陈仲甫:“自古以来,欲成大事者,必先苦其心志,劳其筋骨,饿其体肤,这样做也是在磨练他们啊!”
延年听罢也很有骨气地说:“多谢各位叔叔伯伯,不过他不管我们,我们也不会央求他,我兄弟二人能够自食其力,依靠自己的劳动也能读书”
陈仲甫听完这一番话,不免又是一阵动气,却被高君曼劝了下来。
众人一听,哪里还不明白,这两父子是有过节啊。
眼见气氛焦灼,汪孟邹开始转移话题:“你们看,后面又出现了一个年轻人,能上这天幕,看来也是个有志青年啊!”
众人也纷纷表示:此人眉眼周正,,眉宇间自带一股正气,将来必定不凡呐!
而此时远在湖南看着天幕的□□看着天幕上出现的自己,半是惊奇,半是惊喜。
他的同窗们纷纷打趣道:“润X,这下你可是出名了,天下人都要认识你了!”
润X则是想到刚刚看到的延乔二人的场景:“不愧是仲甫先生的公子啊,能够放得下身段,融入到民众之中,看来我需要学习的地方还有很多啊!”
天下学子看到延、乔二人也很是敬佩,并在心中暗下决心,要向二人看齐。
穷苦百姓们虽不识字,却能够看懂天幕上出现的字,让他们看到两个大户人家的公子却和他们做着一样的脏活累活,心中对这二人好感倍增,觉得亲切。
少年智则国智
少年富则国富
少年强则国强
少年自由则国自由
(一个身穿白衣校服的少年正在说着些什么,他的旁边标着“XX X,字翔宇,南开学校”
一个身穿黑色校服的学生走在路上,他的旁边标注着“赵X X,字琴生,北京高等师范附中学生”
一个身穿长衫,戴着白色圆框眼镜的少年正在讲话,他旁边标注着“施存统,浙江省立第一师范学生”
一个身穿西装,戴着黑色圆框眼镜的青年,旁边标注着“俞秀松,浙江省立第一师范学生”
一个衣着藏青色长衫、脸戴黑色圆框眼镜的青年嘴角含笑,旁边标注着“何孟雄,北京大学旁听生”)
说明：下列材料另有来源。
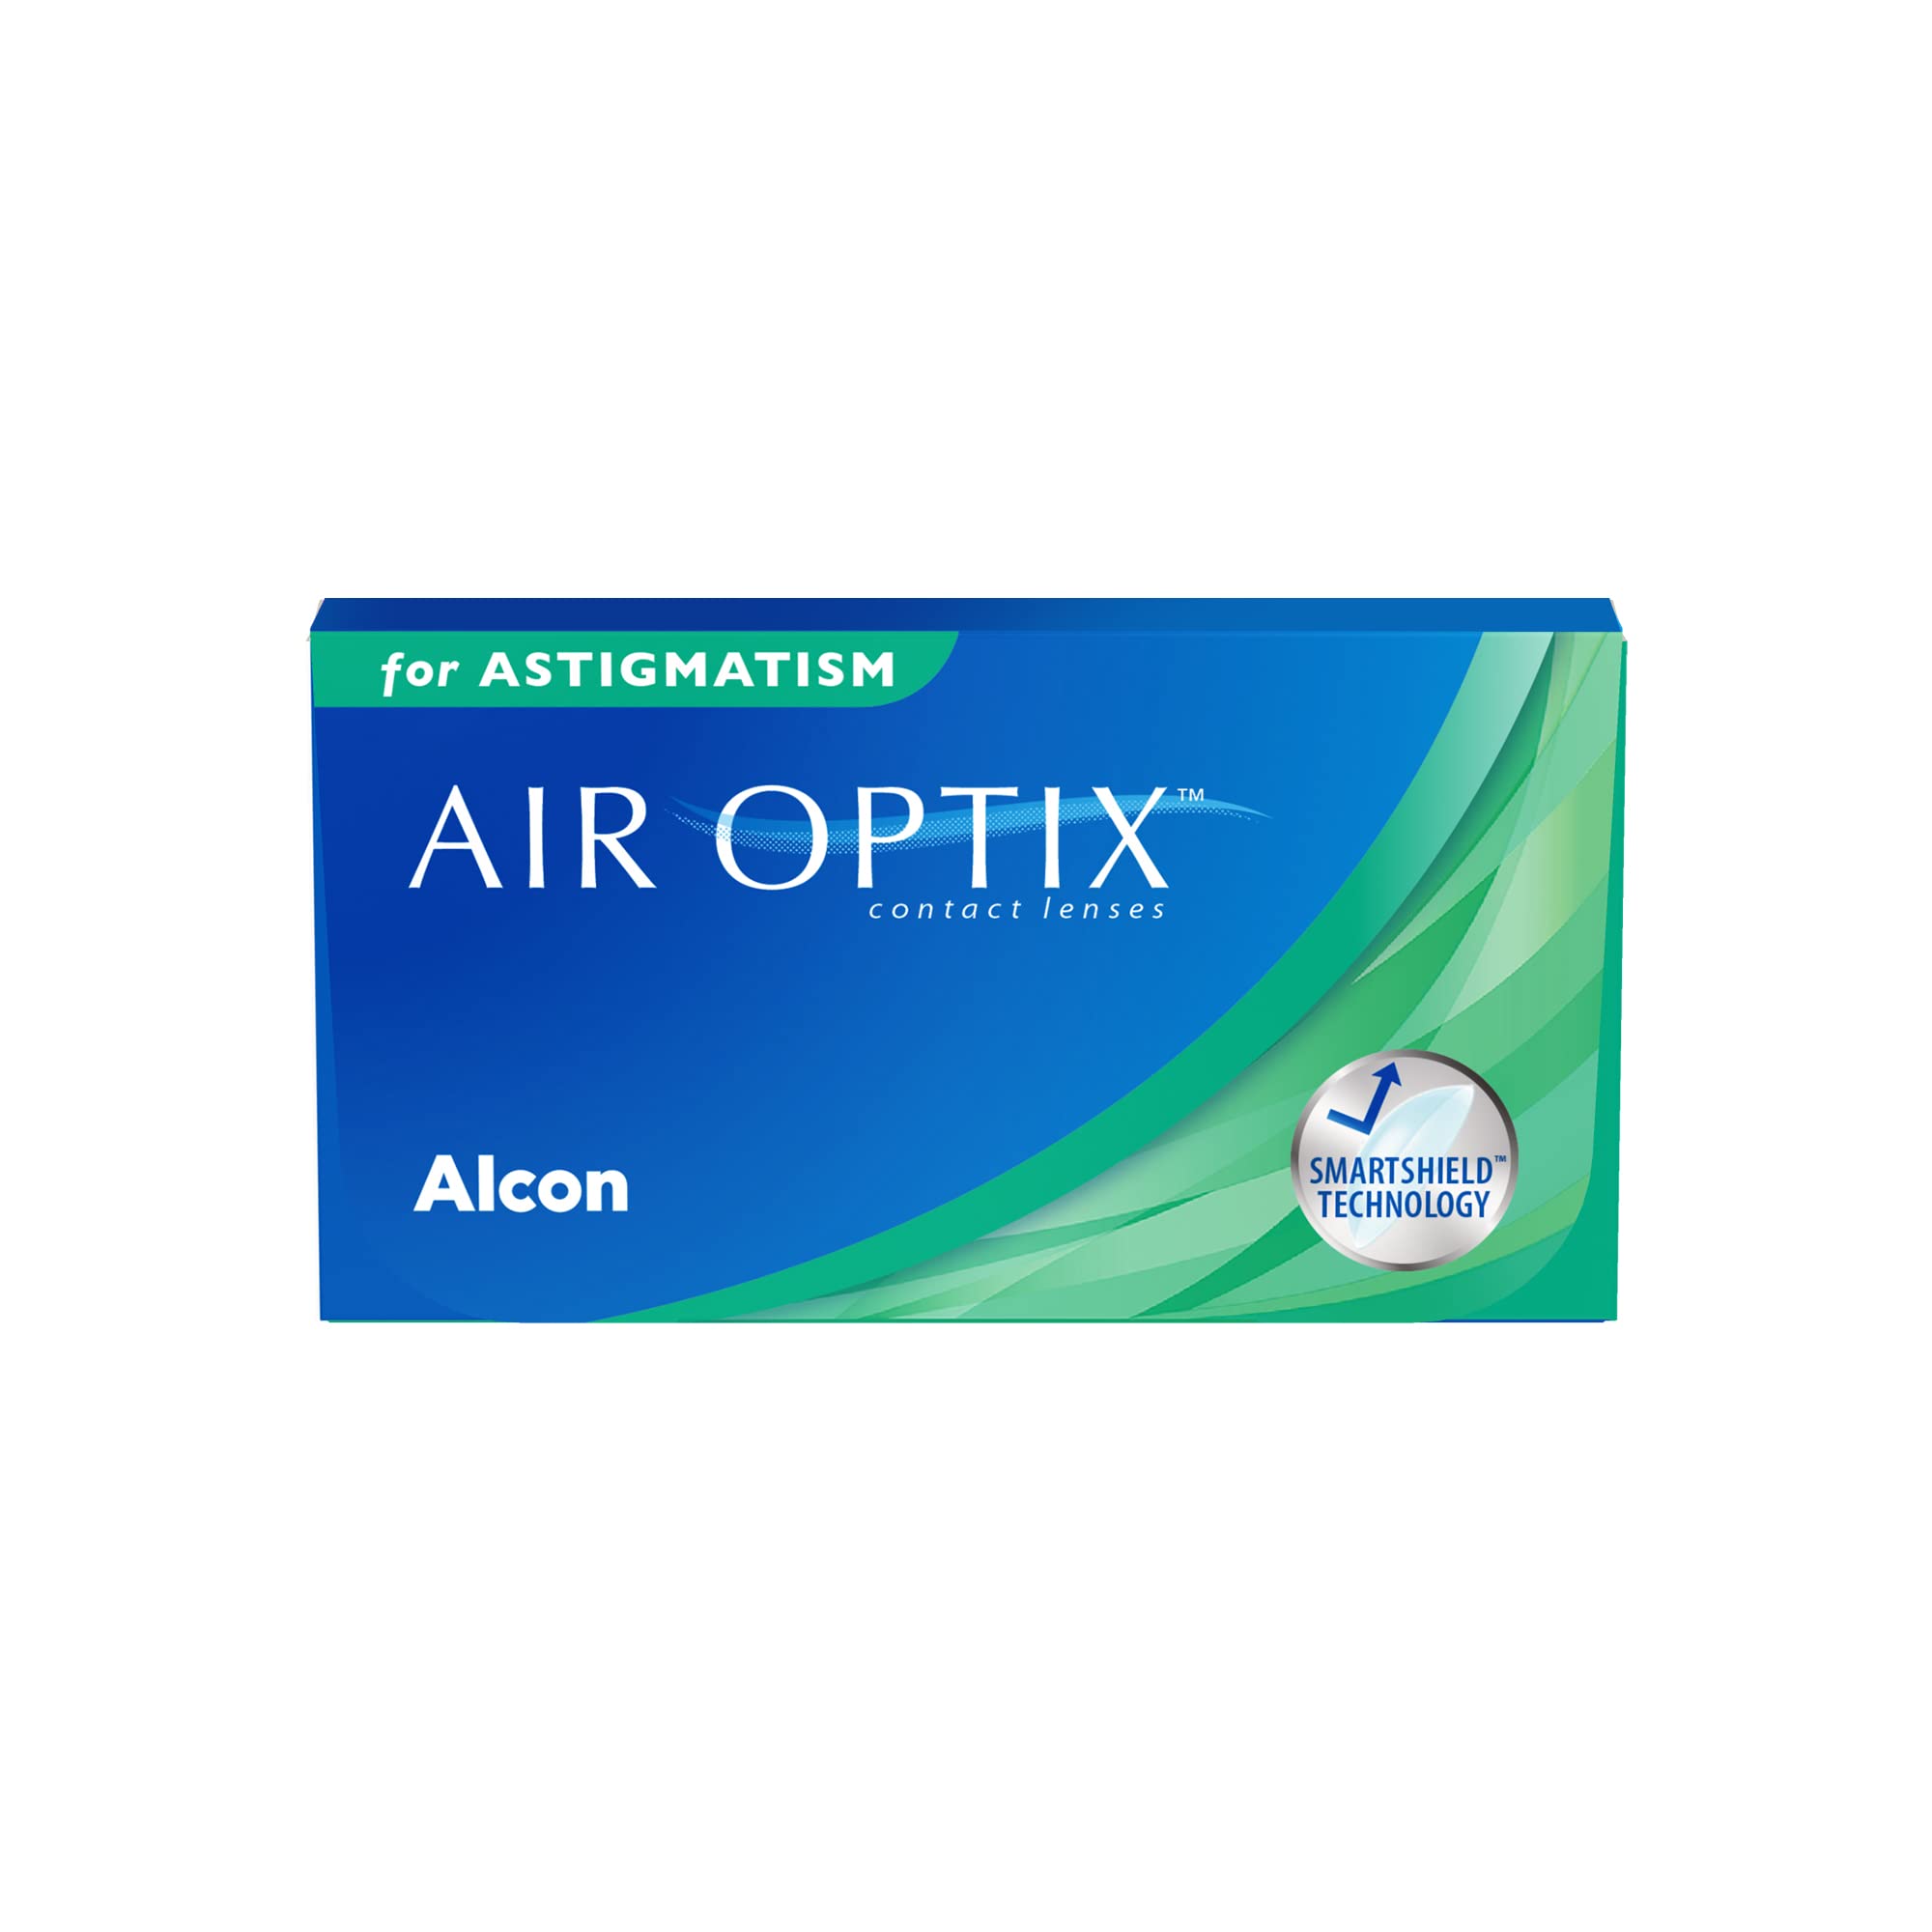 Air Optix for Astigmatism Monatslinsen weich, 6 Stück, BC 8.7 mm, DIA 14.5 mm, CYL -1.75, ACHSE 90, + 5.5 Dioptrien

出现在天幕上的几人意气风发,内心满载着希望,期待日后能够大展身手。
他们的同窗好友,内心骄傲,同时也被激起昂扬斗志。
延年、乔年期待着有朝一日,几人可以和他们见面,或许能够结交到志同道合的好友。
几位先生看着这些朝气蓬勃的少年,感慨华夏未来可期。
【红日初升其道大光】
(青山层峦叠嶂,一轮红日冉冉升起,照亮大地)
【河出伏流一泻汪洋】
(黄河、长江水流奔腾不息,浩浩汤汤)
潜龙腾渊鳞爪飞扬
乳虎啸谷百兽震惶
少年自有少年狂
身似山河挺脊梁
敢将日月再丈量
(延年、乔年一身西装笔挺,眼中满含对未来的期望,迈着坚定的步伐向前走去)
今朝唯我少年郎
敢问天地试锋芒
披荆斩棘谁能挡
世人笑我我自强
不负年少
(延年、白兰等一众志存高远的青年男女站在长城上意气风发)
白兰等女同志看到自己也出现在天幕上,内心更是激动万分。
而深受封建思想压迫,被困于内宅的旧式女性们则是羡慕地看着这些接受新思想的女学生,内心渴望有朝一日也能像她们一样。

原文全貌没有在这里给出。